Oil ring movement and circumferential speed also are affected by immersion in the lubricant and lubricant viscosity. Typical immersions are shown in Figure 6, but recommendations might vary by pump sizes. Quite obviously, a more deeply immersed oil ring, or oil rings contacting an excessively viscous lubricant, won’t perform as intended. Also, for good tracking and consistent motion, oil rings must be concentric within 0.002 in. (0.05 mm).
Instead of reinstalling new slinger rings in a bearing housing where “T” (temperature) and “RE” (ring wear debris) have gone out of range, reliability-focused users will upgrade to flinger discs (Figure 7). Because flinger discs are secured to the shaft, they aren’t subject to the compounded influences of horizontality, viscosity, immersion and concentricity. They’re a vast improvement over oil rings and are available in many domestic and European pump models.
Figure 7: Viton Elastomer Flinger Disc That Avoids The Problems Incurred With Slinger Rings (Source: TRICO Mfg. Corporation, Pewaukee, Wisconsin, www.Tricomfg.com)
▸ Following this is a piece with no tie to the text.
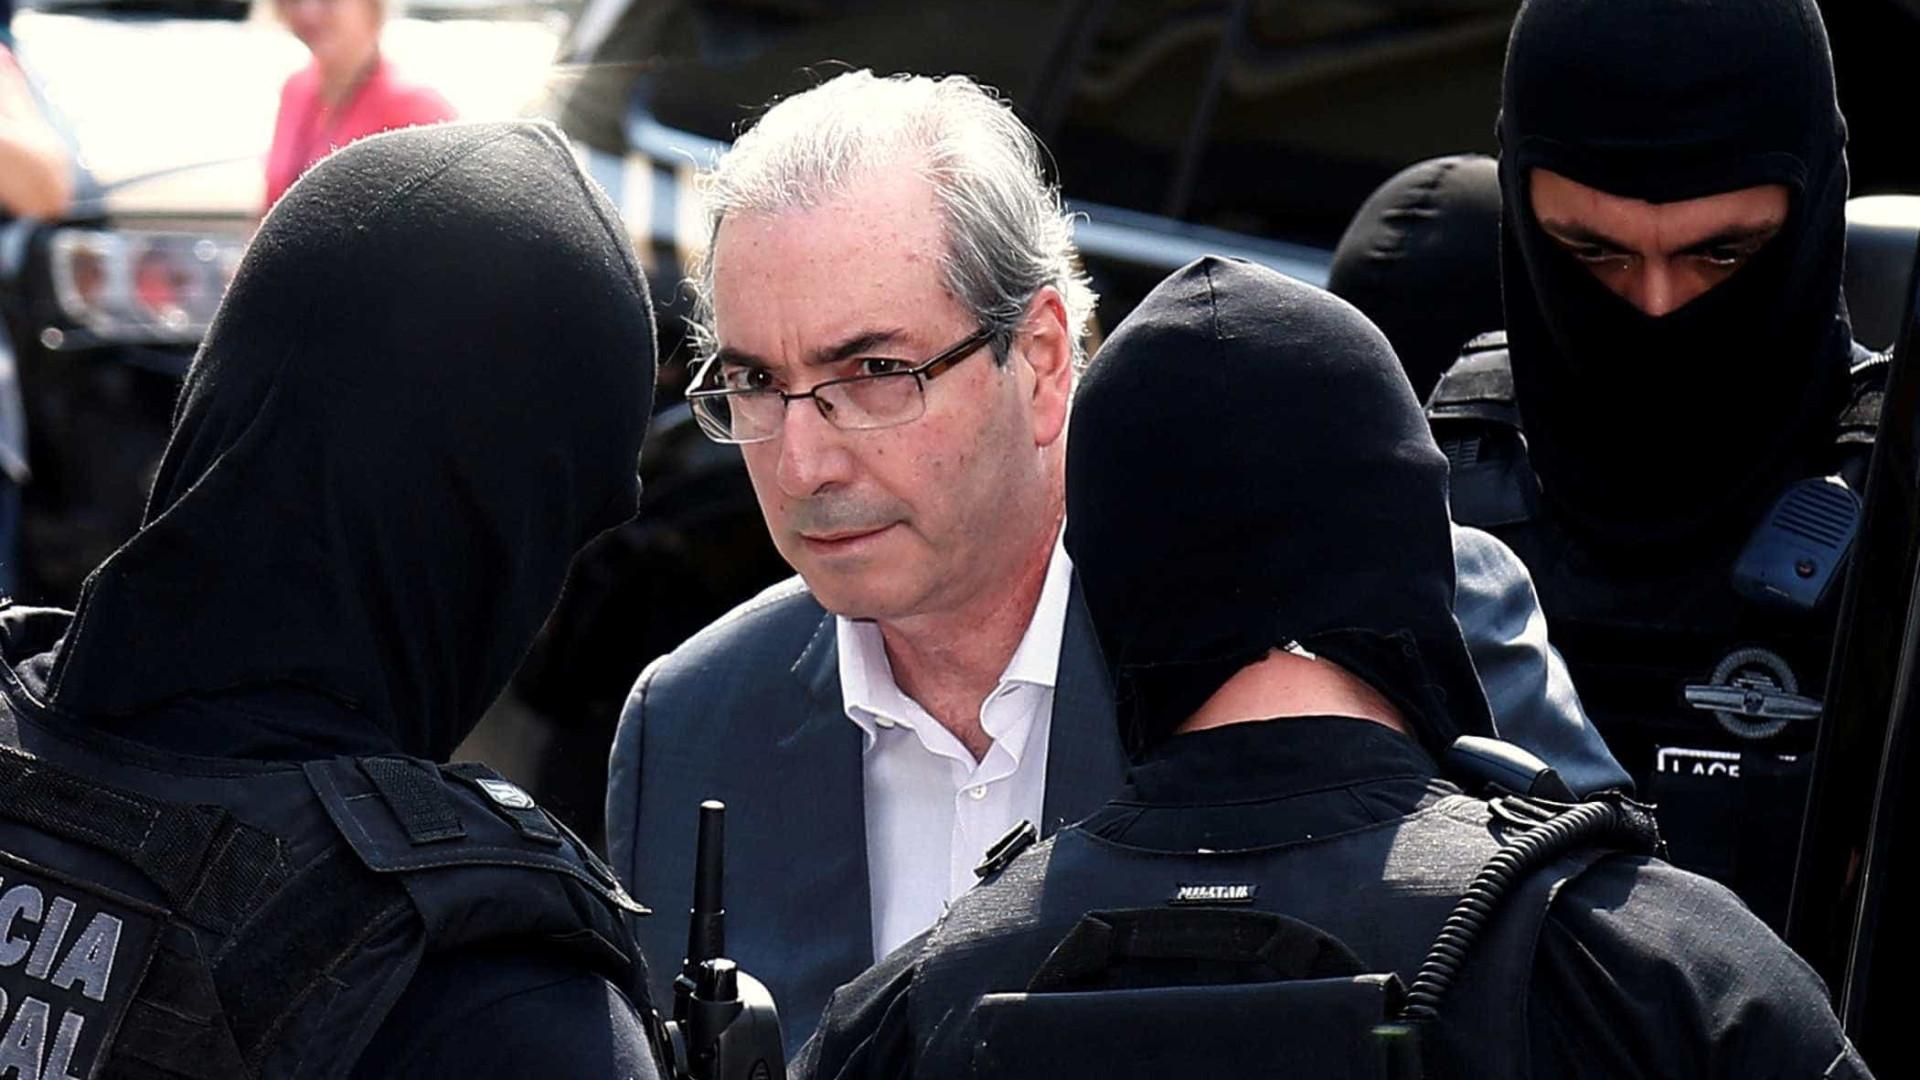 Ministros do STF discutem concessão  de habeas corpus a Cunha

Reference 2 contains a page from a 1960s-vintage catalog page issued by a then-prominent U.S. pump manufacturer. The page shows the flinger discs furnished with its pumps and states, rather pointedly, “anti-friction oil thrower ensures positive lubrication and eliminates the problems associated with oil rings.”
Focus your efforts
You can do much to reduce your risk of equipment failure. Well-developed specifications, drawing and document reviews, compliance with uncompromising installation procedures, appropriate operator and mechanical workforce training, and a good combination of preventive and predictive maintenance (periodic condition monitoring) are just a few of the proven ways that come to mind.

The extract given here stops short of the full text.